2.2.6. Cognitive Function Study

All cognitive evaluations were conducted post-breakfast and before 2:00 PM. The participants were instructed to have regular breakfast on the cognition test day to ensure comfort and avoid hunger during the session. Cognitive function was assessed using the Wechsler Adult Intelligence Scale-IV [38], which consists of 15 tests grouped into four indices: Verbal Comprehension Index (VCI), Perceptual Reasoning Index (PRI), Working Memory Index (WMI), and Processing Speed Index (PSI). VCI comprises three mandatory tests (similarities, vocabulary, and information) and one optional test (comprehension). The score obtained on this index (70–130) assesses knowledge acquired through education, verbal reasoning, and concept formation and measures aptitudes involving reasoning, comprehension, and conceptualization. The PRI consists of three mandatory tests (blocks, matrices, and visual puzzles) and two optional tests (scales and incomplete figures). The score on this index (70–130) measures visuospatial processing and analysis and visuomotor skills and assesses non-verbal reasoning and perceptual organization. The WMI is comprised of two mandatory tests (digits and arithmetic) and one optional test (letters and numbers). The score on this index (70–130) evaluates the ability to retain and manipulate information in memory while working with it. This index measures simultaneous and sequential processing, attention, and concentration. The PSI comprises two mandatory tests (symbol search and number coding) and one optional test (cancelation). This index assesses the ability to explore, order, and discriminate simple visual information rapidly and efficiently. Mental processing speed and graphomotor skills were measured using this index.

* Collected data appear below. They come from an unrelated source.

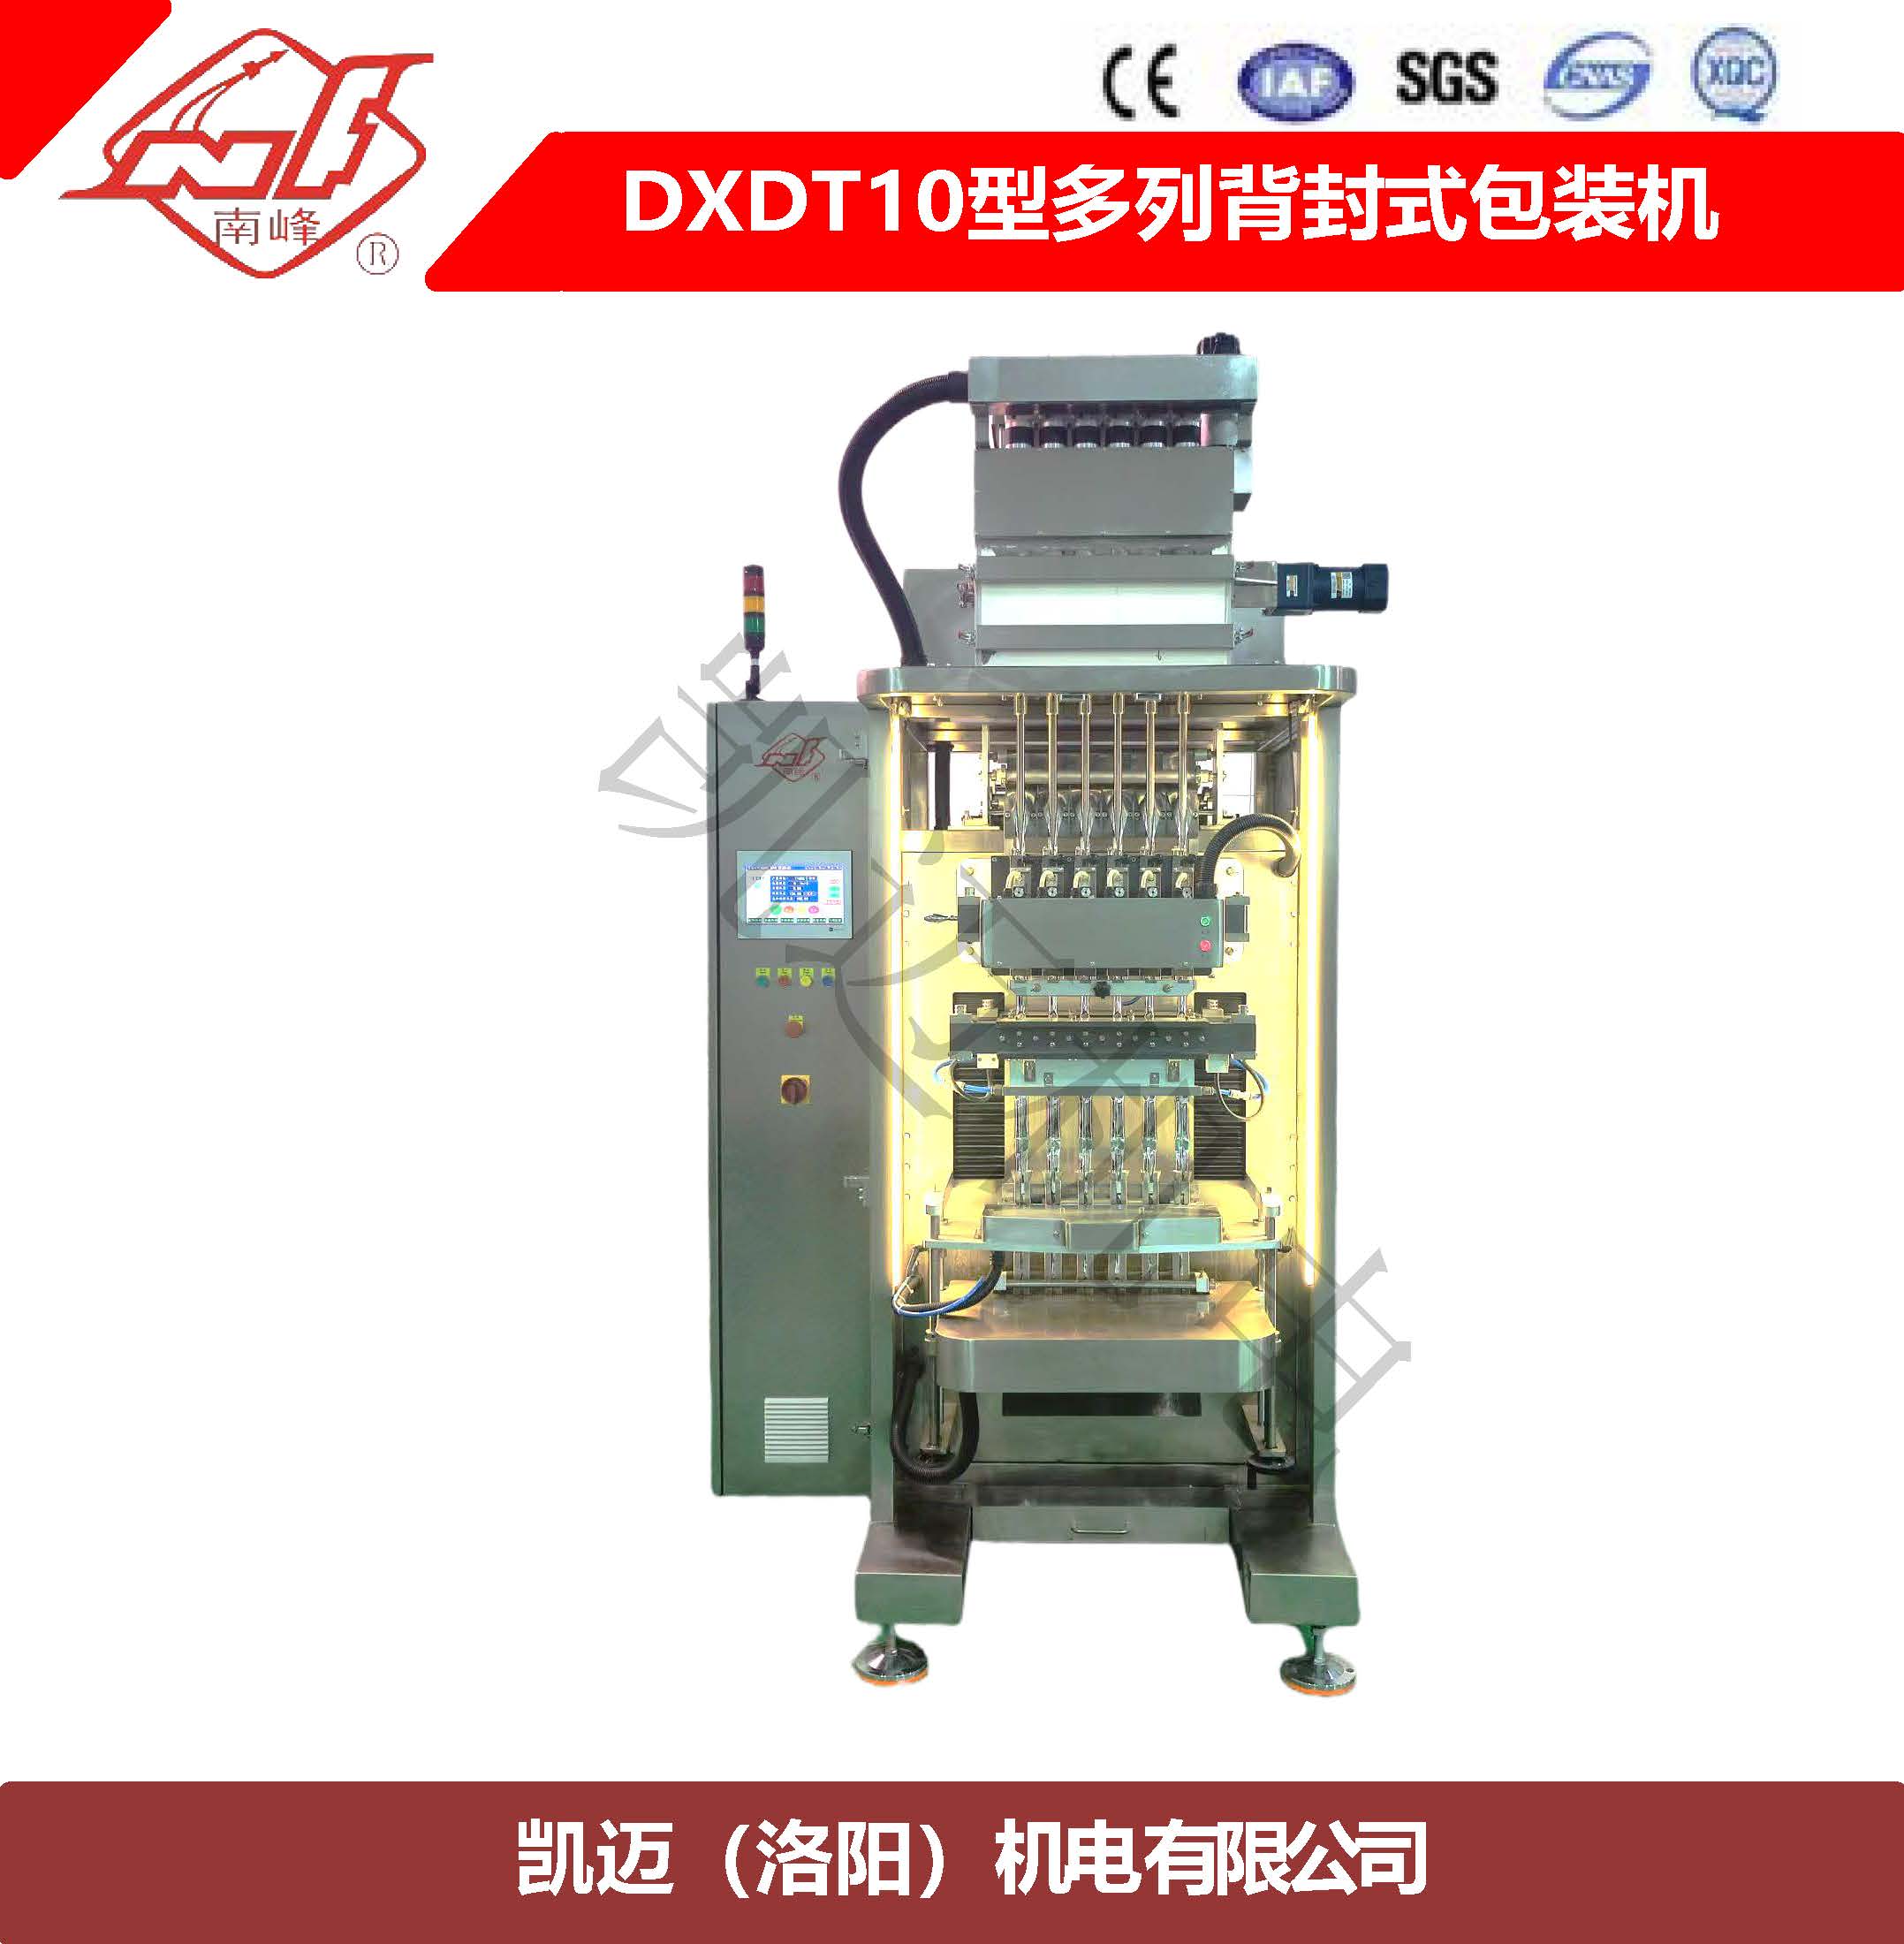 DXDT10型多列背封式包装机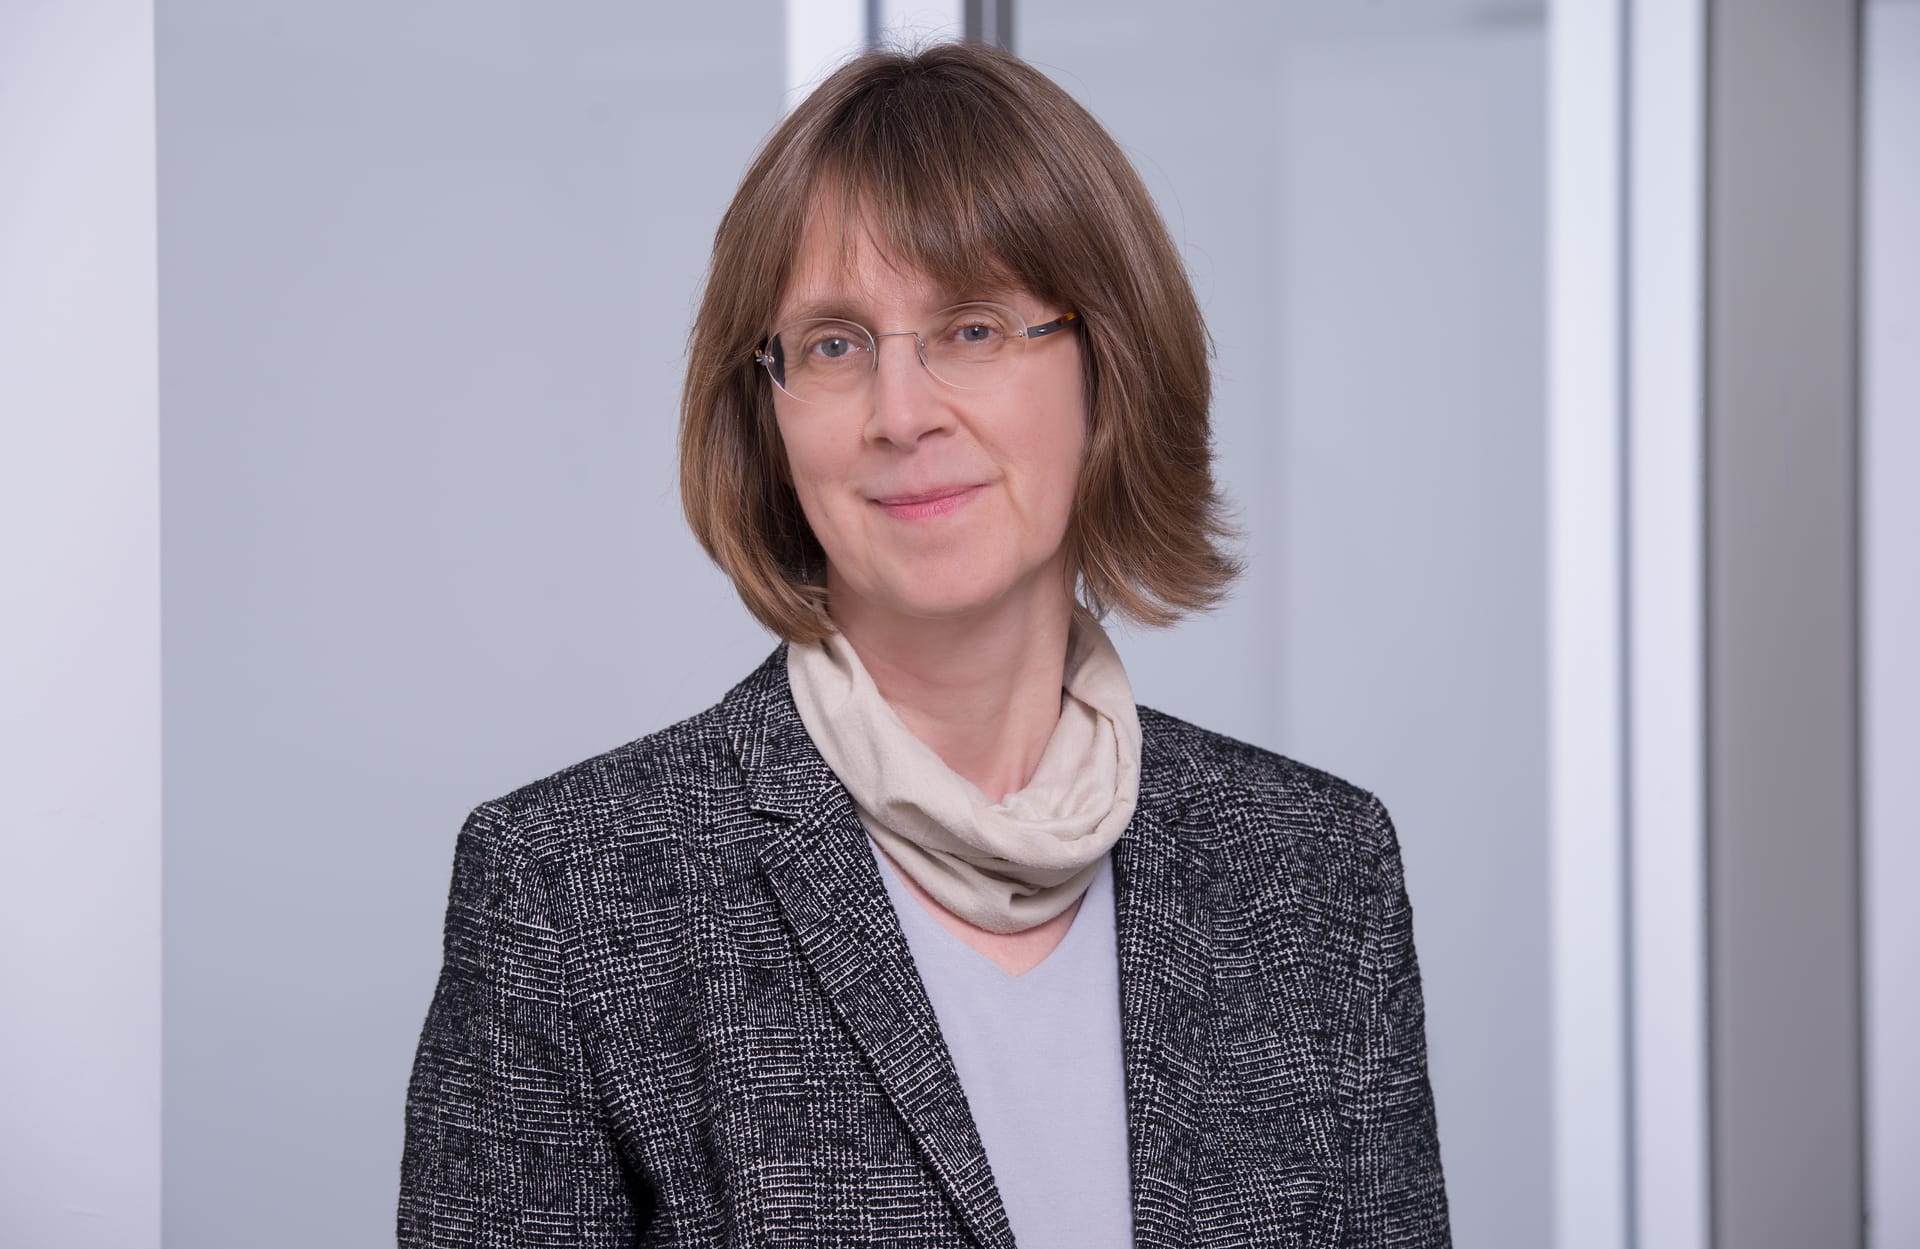 Dr. Susanne Weg-Remers, Leiterin des Krebsinformationsdienstes (KID) am Deutschen Krebsforschungszentrum in Heidelberg (DKFZ). (Quelle: DKFZ, Fotograf Tobias Schwerdt, Wiesenbach)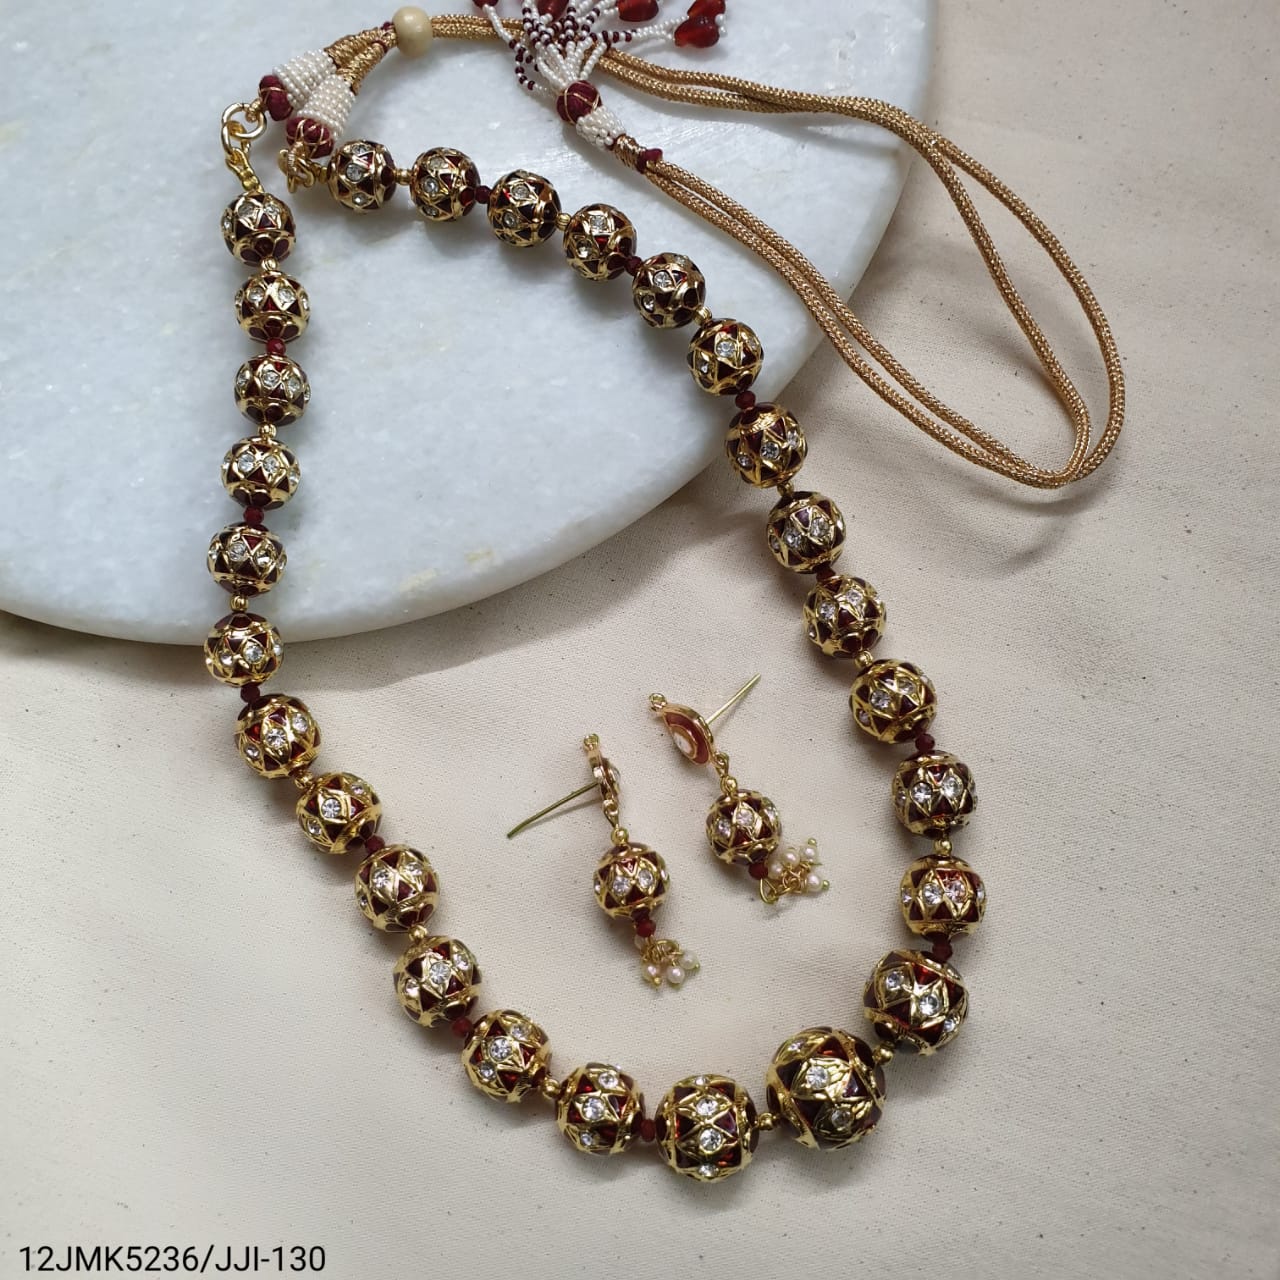 Maroon Meenakari Beaded Necklace With Earrings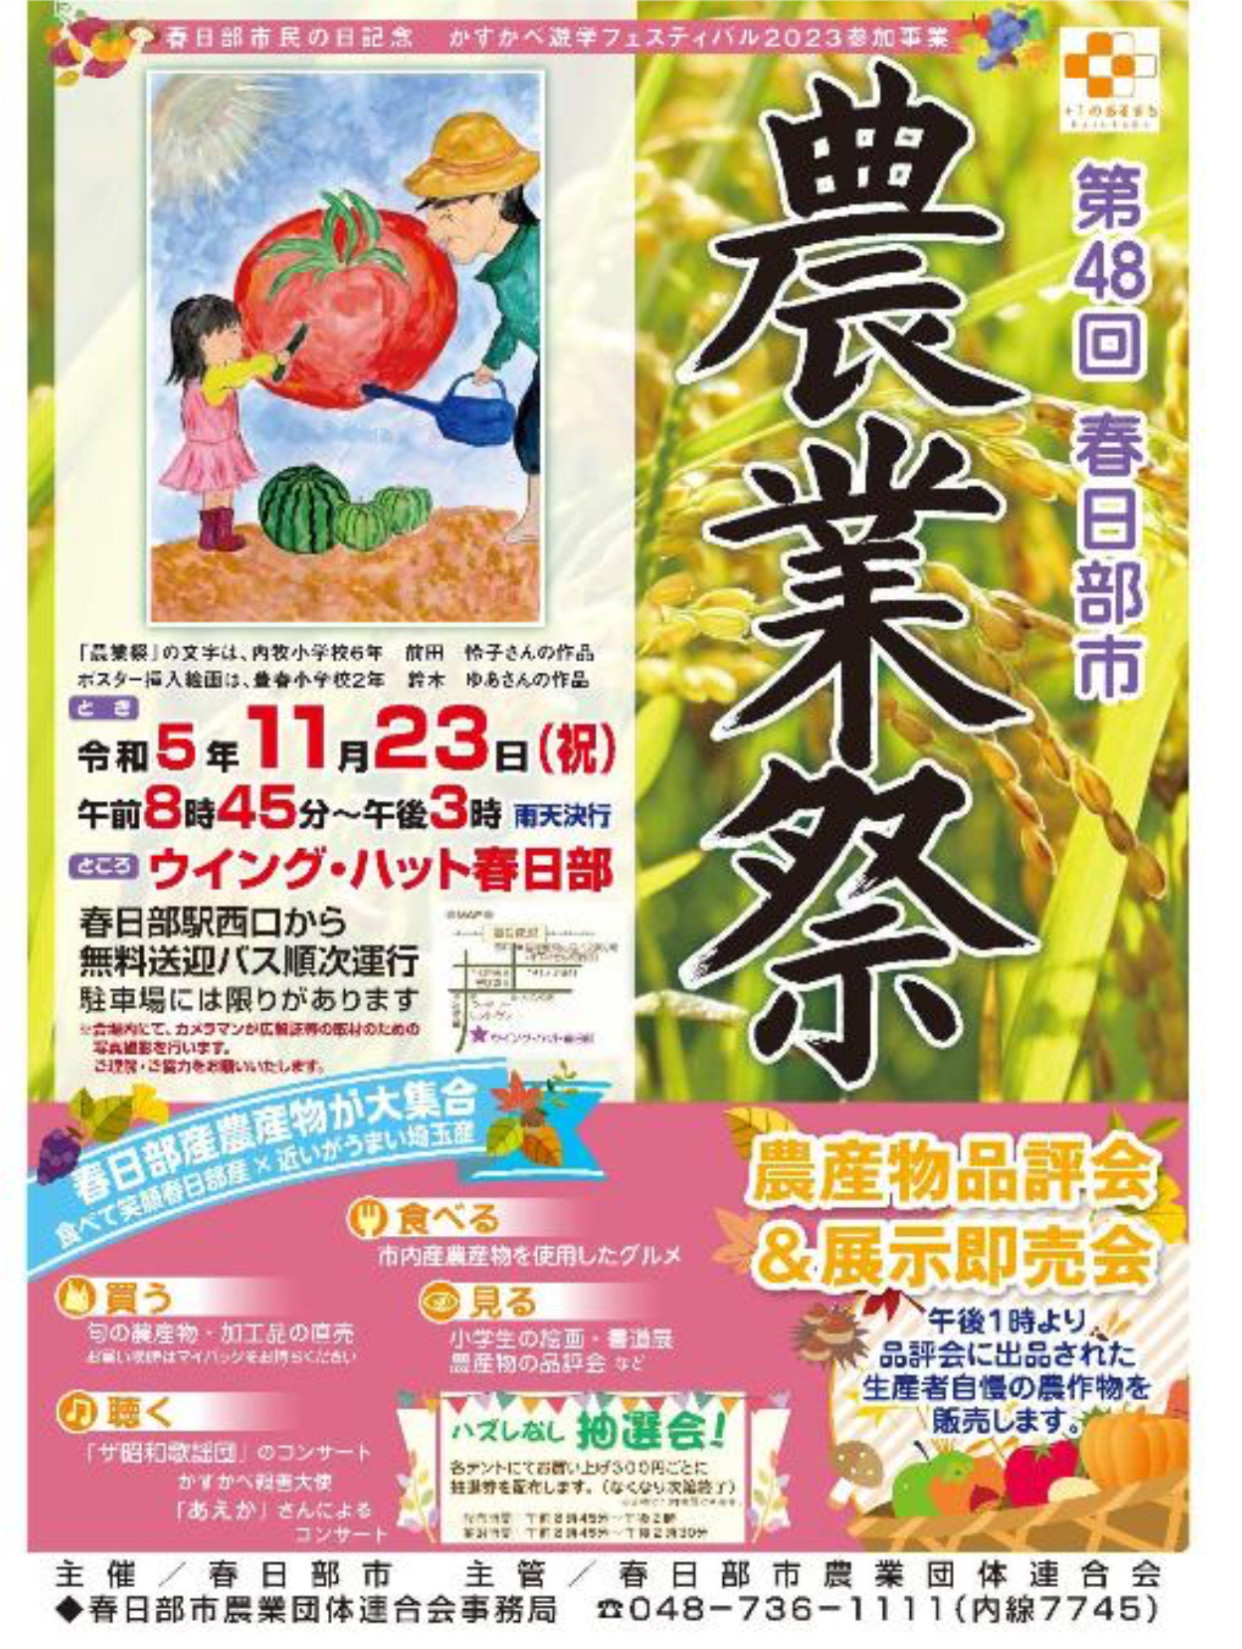 11月23日春日部農業祭に出店します。

Raw scores from each test were transformed into scaled scores (means and standard deviations) according to the evaluated person’s age group. The scaled scores for Verbal Comprehension, Perceptual Reasoning, Working Memory, Processing Speed, and Total Intelligence Quotient (TIQ) were transformed into composite scores (consulting tables containing percentiles and corresponding confidence intervals for composite score values). These scores represent the values of the respective indices (VCI, PRI, WMI, and PSI), each with a mean of 100 and a standard deviation of 15. This transformation ensures that the data from the four indices and TIQ are comparable.

The TIQ is considered the benchmark index for assessing overall cognitive aptitude [39], as it encompasses various domains of cognitive ability, including verbal comprehension, perceptual reasoning, working memory, and processing speed. Furthermore, it is a global score that condenses an individual’s performance across multiple cognitive aptitudes into a single numerical value (70–130). Testing time ranged from 60 to 90 min, depending on cognitive aptitude, the time needed to maintain a good evaluation environment, and to minimization of subject fatigue.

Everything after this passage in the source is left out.